The Commission and the Mineral Owners argue that the broad discretion afforded the Commission by Sec. 38-08-08(1), N.D.C.C., includes authority to provide in pooling orders that unleased interests within a spacing unit be treated as cost free interests as to 1/8th thereof.

Slawson, on the other hand, argues that the broad discretion granted in Sec. 38-08-08(1), N.D.C.C., is limited by Secs. 38-08-08(2) and 38-08-10, N.D.C.C., so that an unleased mineral owner's entire interest is subject to the statutory lien for costs and expenses.

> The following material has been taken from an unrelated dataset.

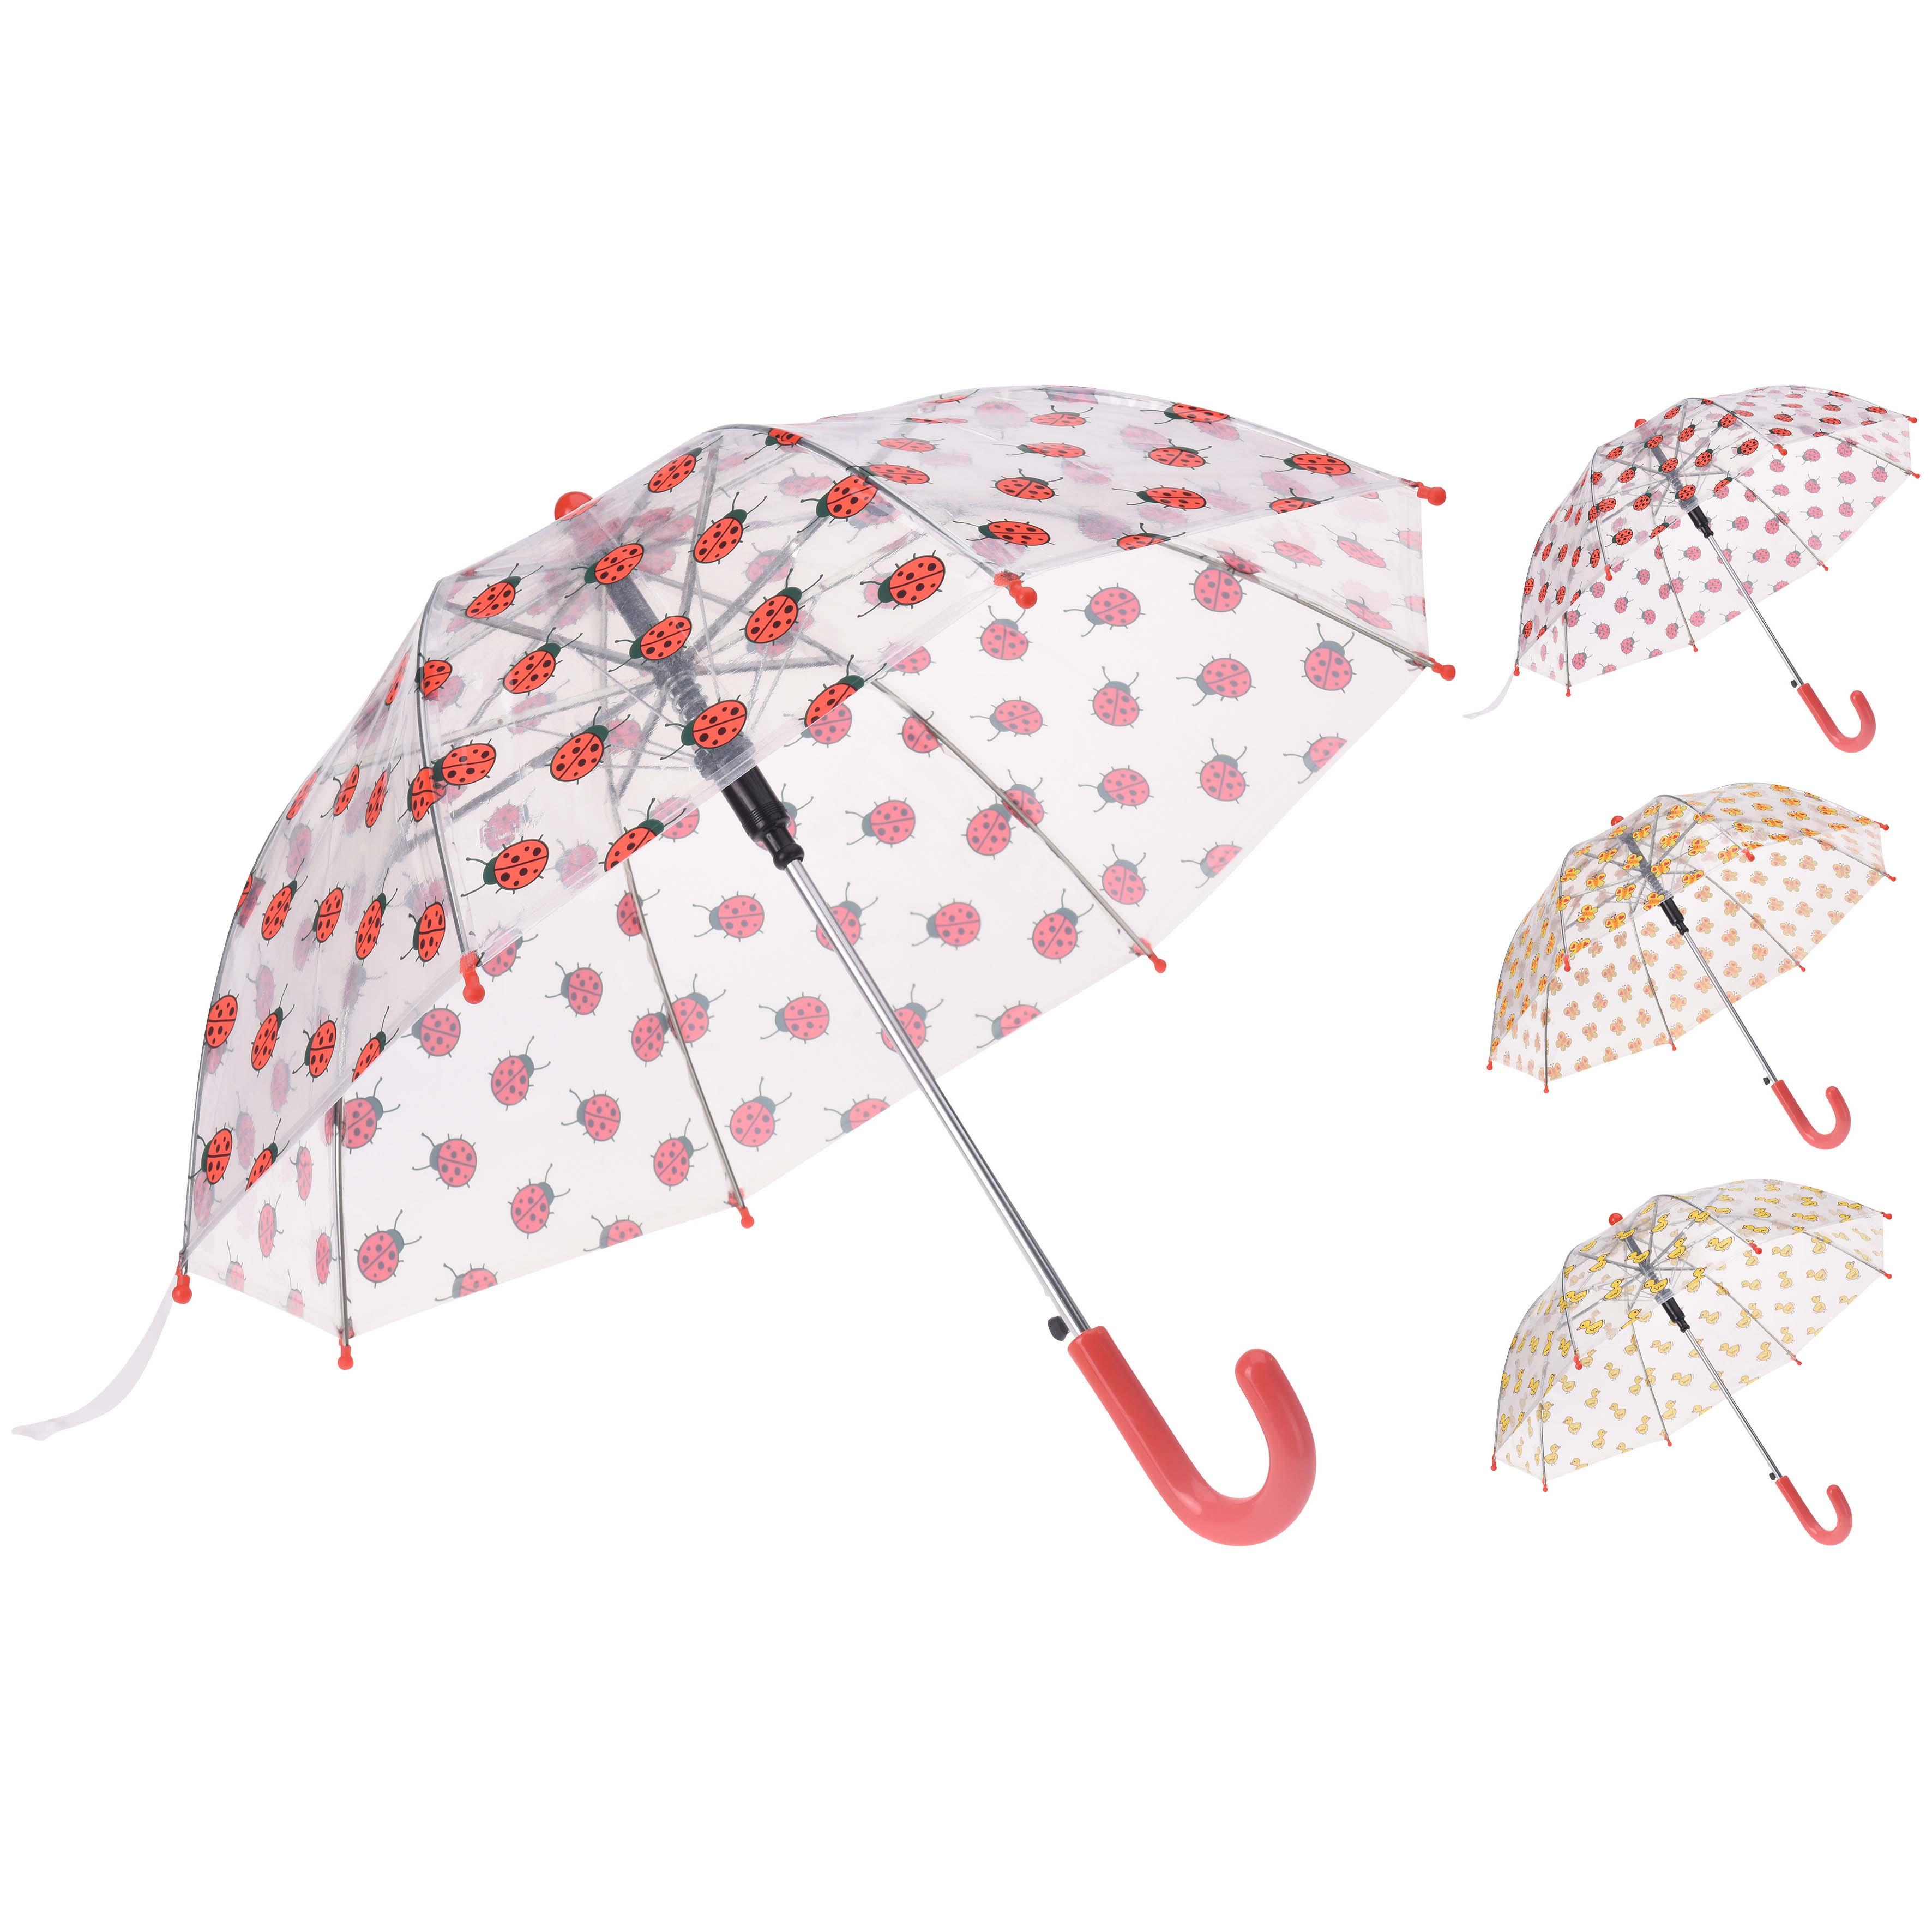 Afbeelding van Paraplu Dieren Transparant Assorti

Slawson argues that the Commission's order is an attempt to establish by administrative action a lessor-lessee relationship where none exists. We disagree. Under a conventional oil and gas lease, a mineral owner reserves unto himself a royalty interest and conveys unto the lessee a working interest. The right to the royalty interest, however, does not rise from the lease, but from ownership of the minerals. 3 Because he owns the minerals, a mineral owner has a royalty interest or its equivalent whether or not he has executed a lease. A lease only conveys to a lessee a portion of the lessor's interest other than the royalty interest retained.

In speaking of compulsory pooling statutes, the writer in 5 Summers Oil and Gas Sec. 951, p. 57 (1966 Ed.) says that, "In all, a royalty share for the forcibly integrated owner of royalty, or royalty equivalent if the land is unleased, is payable on an expense free basis, for that is the nature of royalty." The same writer says that:

"... If successful in obtaining production, [the drilling party in a compulsory pooling situation] then may recover proportionate actual outlays for drilling, completion costs and cumulative expenses prior to participation by the non-drilling parties. Royalty interests, being expense free, participate in production from inception and if greater than the usual one-eighth apparently are an additional hazard to the drilling party's payout...." 5 Summers Oil and Gas Sec. 974, p. 123 (1966 Ed.).

The expense free nature of a royalty interest, whether or not the mineral interest is the subject of a lease, is...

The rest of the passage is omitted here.